Tafsir Ibnu Katsir senada dengan Tafsir Kemenag RI, mengarahkan perhatian pada inti permohonan Nabi Ibrahim AS agar dirinya dan keturunannya senantiasa teguh dalam mendirikan salat. Namun, Ibnu Katsir juga menekankan aspek penerimaan doa. Doa Nabi Ibrahim AS bukan hanya permohonan untuk dirinya dan keturunannya, melainkan juga sebuah permohonan agar doa-doa mereka senantiasa dikabulkan oleh Allah SWT. Hal ini menunjukkan kepercayaan dan ketawakkalan yang mendalam kepada kuasa dan rahmat Allah SWT. Doa ini menjadi teladan bagi setiap muslim untuk senantiasa berdoa dan memohon kepada Allah SWT, serta berharap akan dikabulkannya doa-doa tersebut.
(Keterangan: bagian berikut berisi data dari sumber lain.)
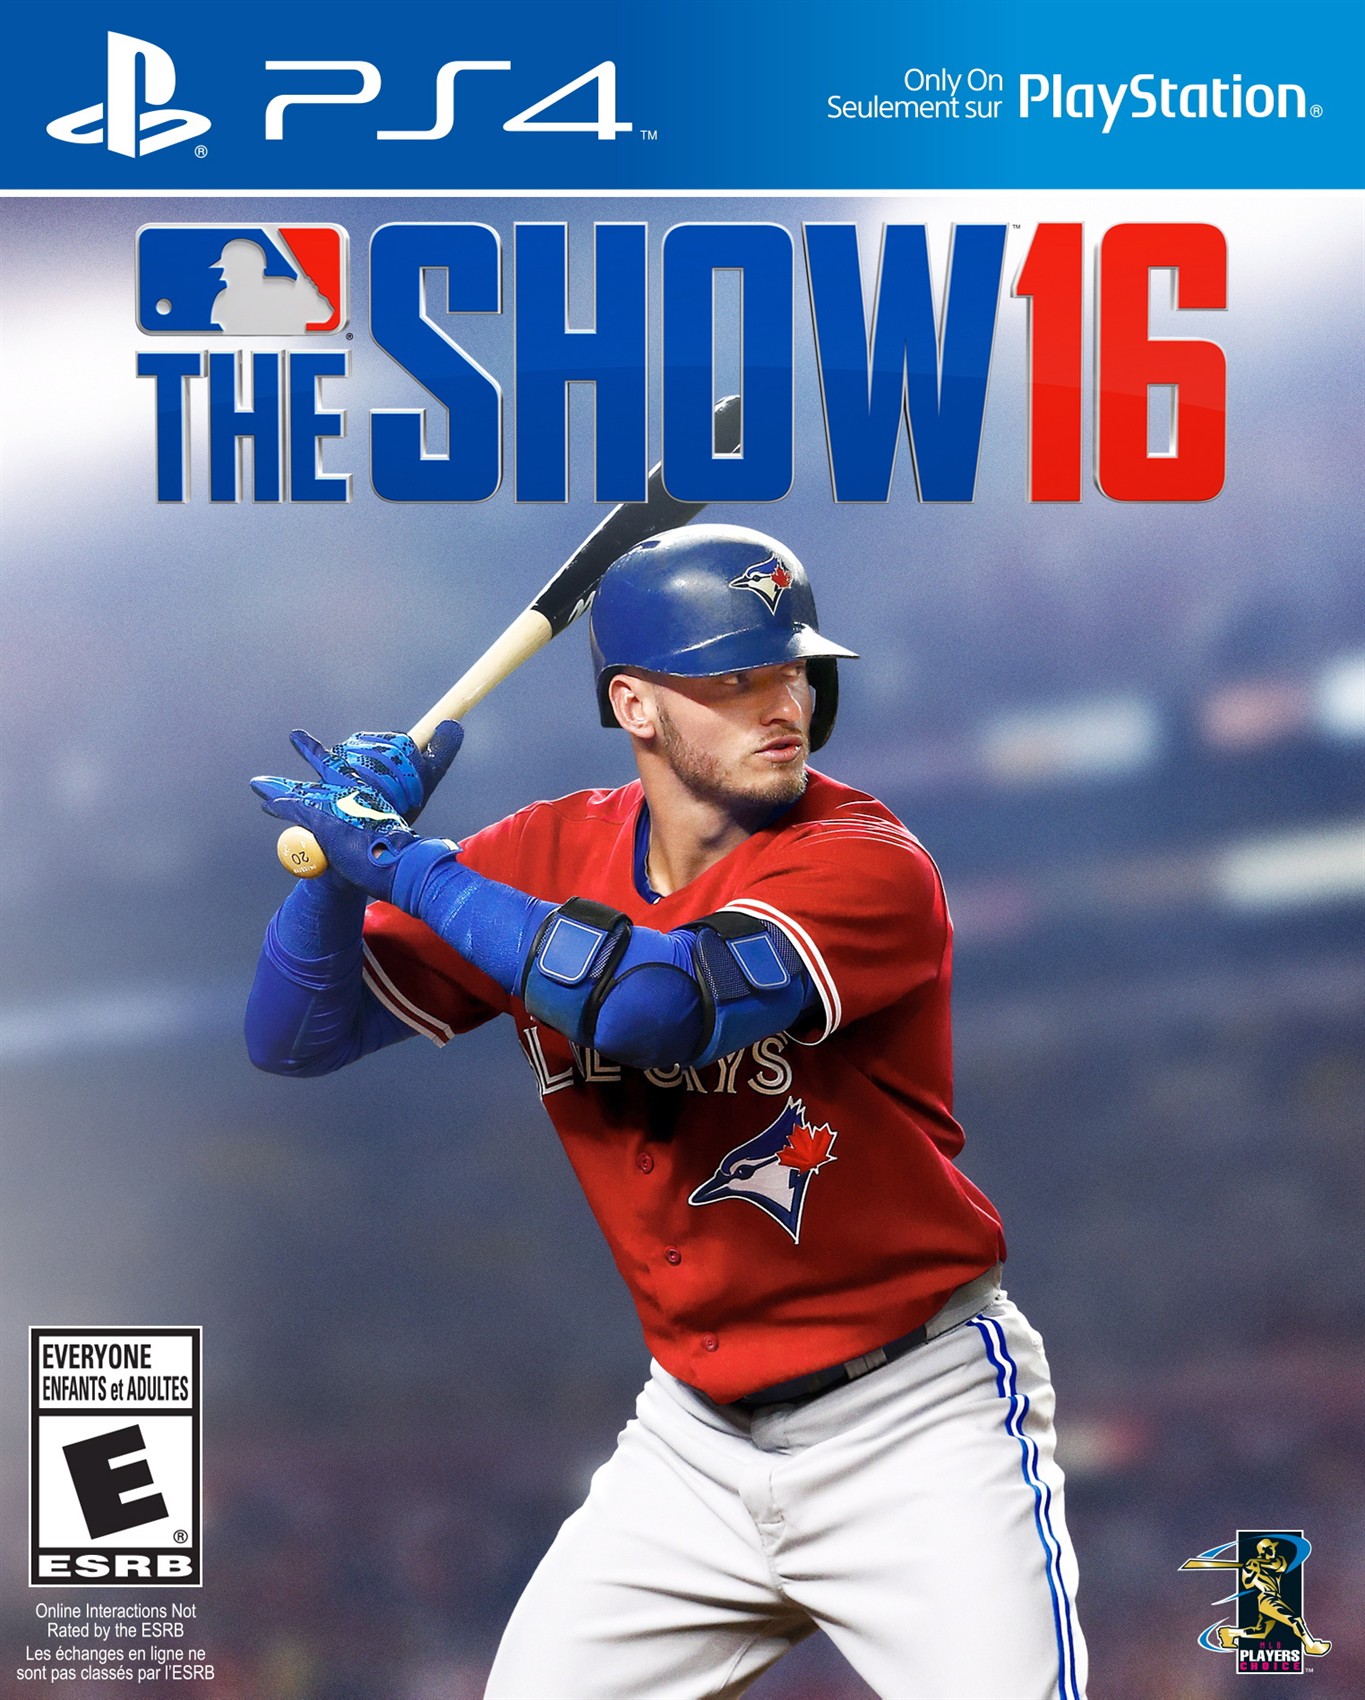 Kết quả hình ảnh cho MLB The Show 16 cover ps4

Buya Hamka, dalam Tafsir Al-Azhar, menawarkan perspektif yang lebih luas. Beliau tidak hanya melihat doa ini sebagai permohonan untuk keistiqamahan dalam salat, tetapi juga sebagai manifestasi dari harapan Nabi Ibrahim AS agar dirinya dan keturunannya senantiasa berada dalam ridho Allah SWT. Salat, dalam konteks ini, bukan hanya sebuah kewajiban ritual, melainkan sebuah jembatan menuju kedekatan spiritual dengan Tuhan. Penerimaan doa, menurut Buya Hamka, merupakan tanda kasih sayang dan pertolongan Allah SWT kepada hamba-Nya yang beriman dan berdoa dengan penuh keikhlasan.
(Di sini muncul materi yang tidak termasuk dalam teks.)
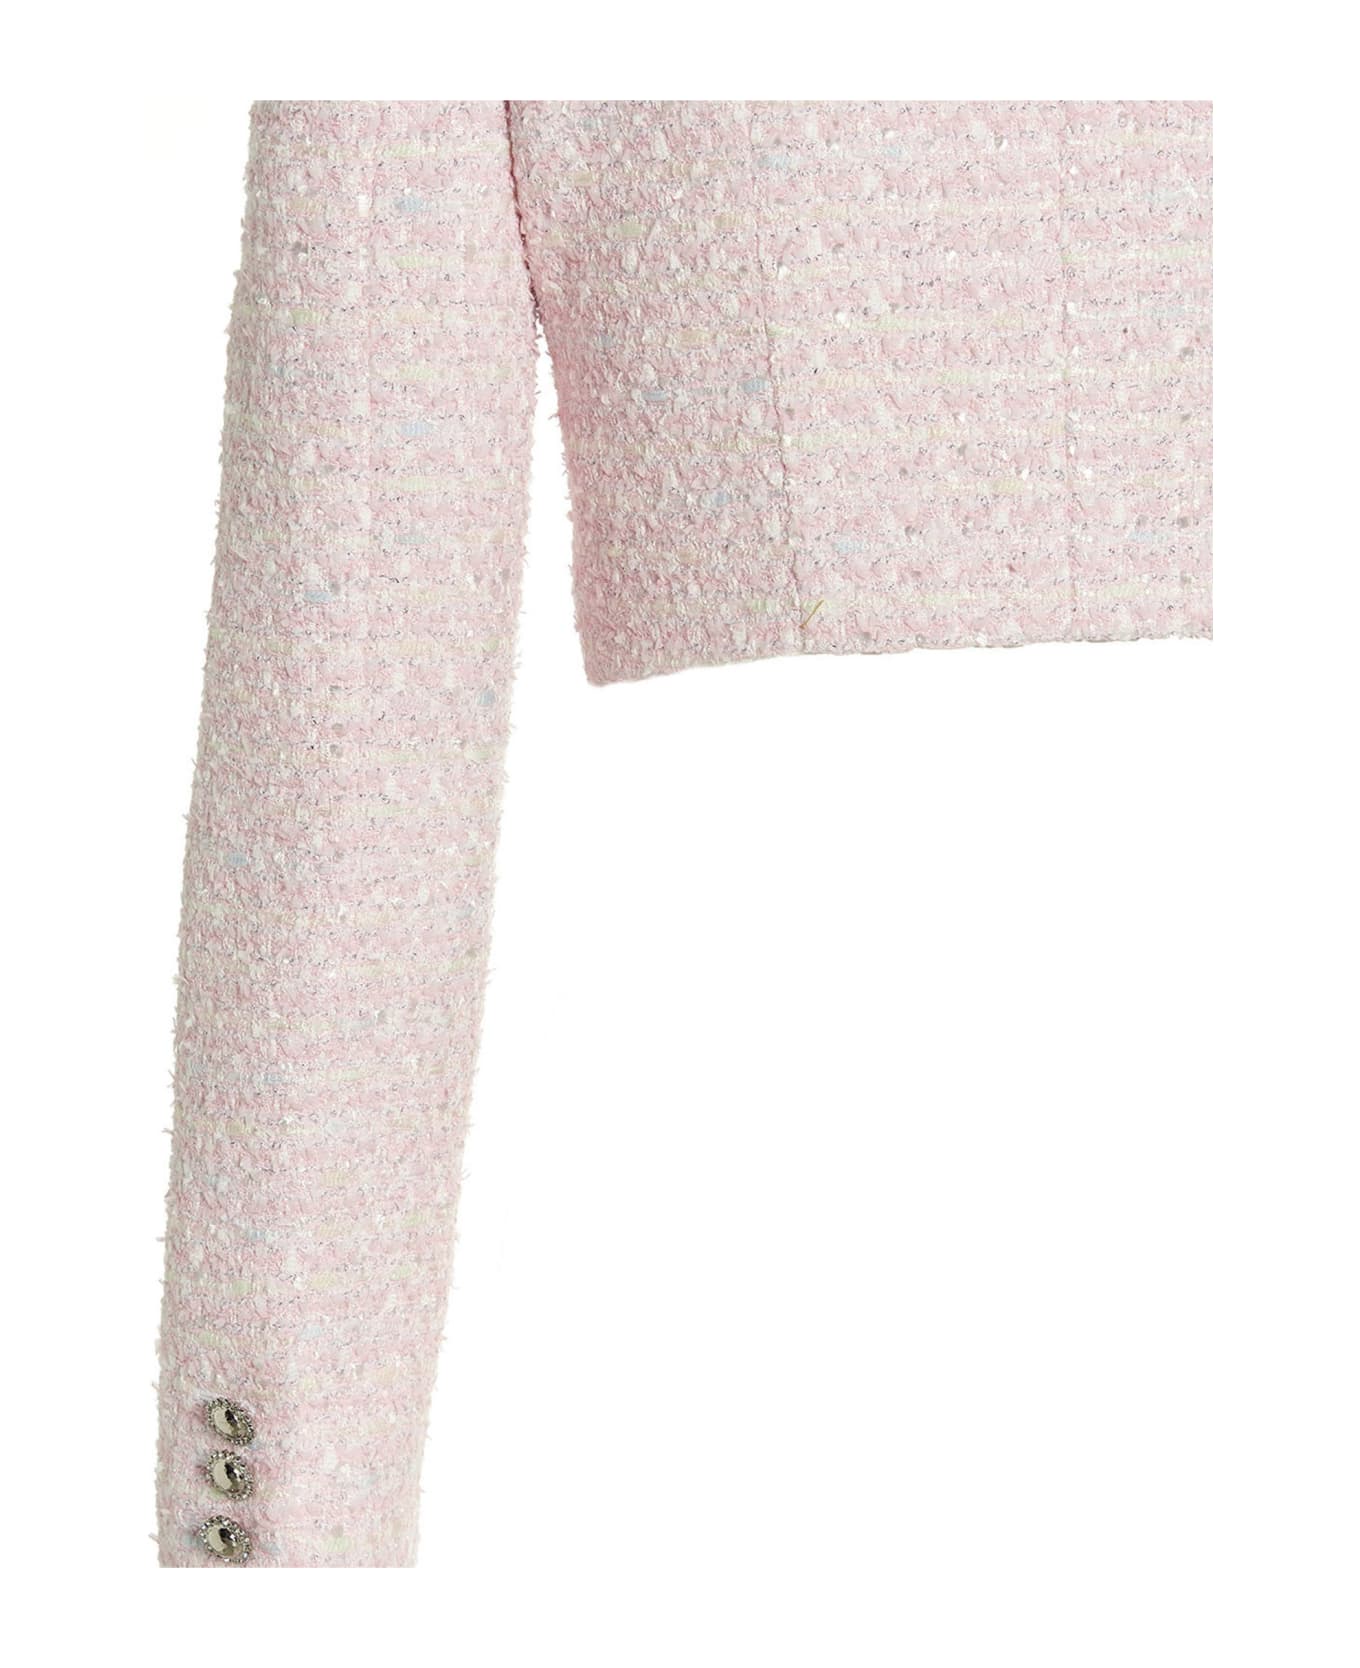 Alessandra Rich 'tweed Lurex' Cropped Jacket - PINK/WHITE

Tafsir Al-Azhar juga menelusuri silsilah keturunan Nabi Ibrahim AS, menunjukkan betapa luasnya cakupan doa tersebut. Dari Nabi Ishaq AS, berkembang generasi para nabi dan rasul yang menorehkan sejarah peradaban manusia, di antaranya Yakub AS, Musa AS, Harun AS, Yusya’ AS, Ilyasa AS, Ilyas AS, Zulkifli AS, Ayyub AS, Dawud AS, Sulaiman AS, Zakaria AS, Yahya AS, dan Isa AS. Masing-masing nabi dan rasul ini menerima amanah kenabian dan membawa risalah Ilahi kepada umatnya. Doa Nabi Ibrahim AS, dengan demikian, bukan hanya berdampak pada keluarganya secara langsung, melainkan berkontribusi pada perkembangan agama dan peradaban manusia secara keseluruhan. Puncaknya, dari keturunan Ismail AS, muncul Nabi Muhammad SAW, khatimul anbiya’ (penutup para nabi) dan sayyidul mursalin (pemimpin para rasul), yang membawa ajaran Islam yang sempurna.
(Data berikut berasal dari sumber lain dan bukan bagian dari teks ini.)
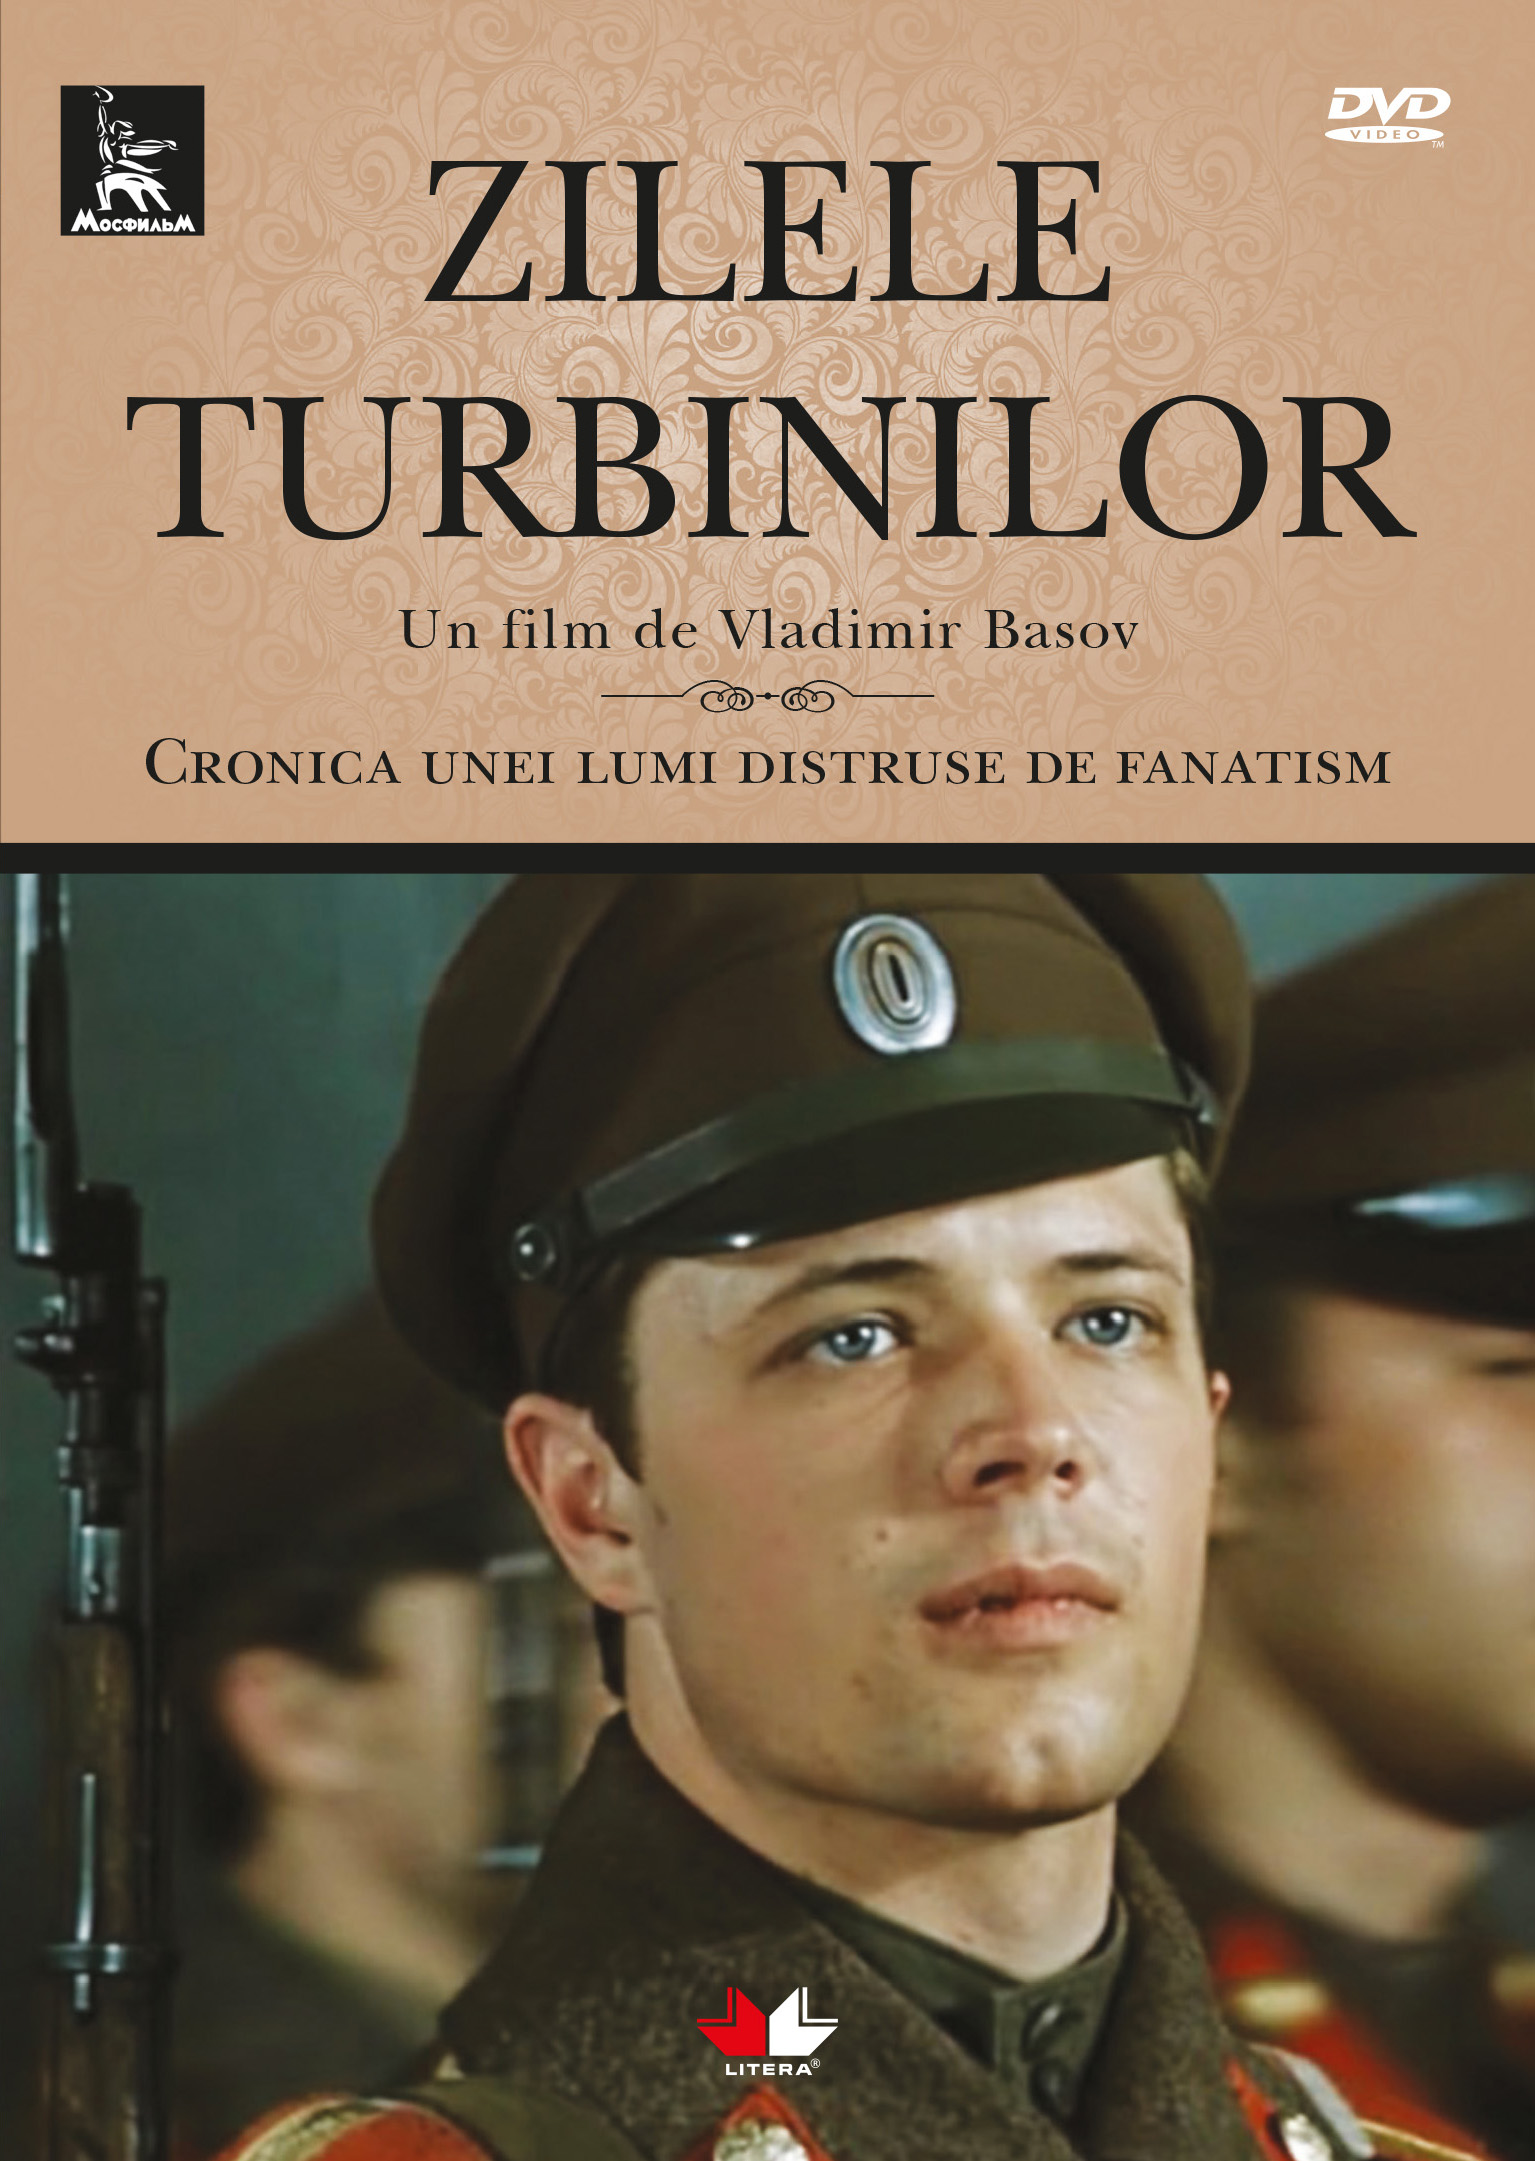 DVD Zilele Turbinilor

Doa Nabi Ibrahim AS dalam Surah Ibrahim ayat 40 bukan sekadar teks keagamaan yang statis, melainkan sebuah pesan yang hidup dan relevan sepanjang masa. Doa ini mengajarkan pentingnya keistiqamahan dalam menjalankan salat, menunjukkan kepercayaan dan ketawakkalan kepada Allah SWT, serta menginspirasi generasi demi generasi untuk menjalin hubungan yang erat dengan Tuhannya. Doa ini juga mengingatkan kita akan luasnya dampak dari sebuah doa yang tulus dan ikhlas, yang dapat menjangkau generasi-generasi berikutnya dan berkontribusi pada perkembangan peradaban manusia yang lebih baik. Sebagai penutup, doa ini merupakan warisan spiritual yang berharga, sebuah pedoman hidup bagi setiap muslim untuk menjalani kehidupan yang diridhoi Allah SWT. Ia mengajak kita untuk meneladani keimanan dan ketaatan Nabi Ibrahim AS, serta menjadikan doa sebagai senjata untuk mencapai kehidupan yang lebih baik, baik bagi diri sendiri maupun bagi generasi mendatang.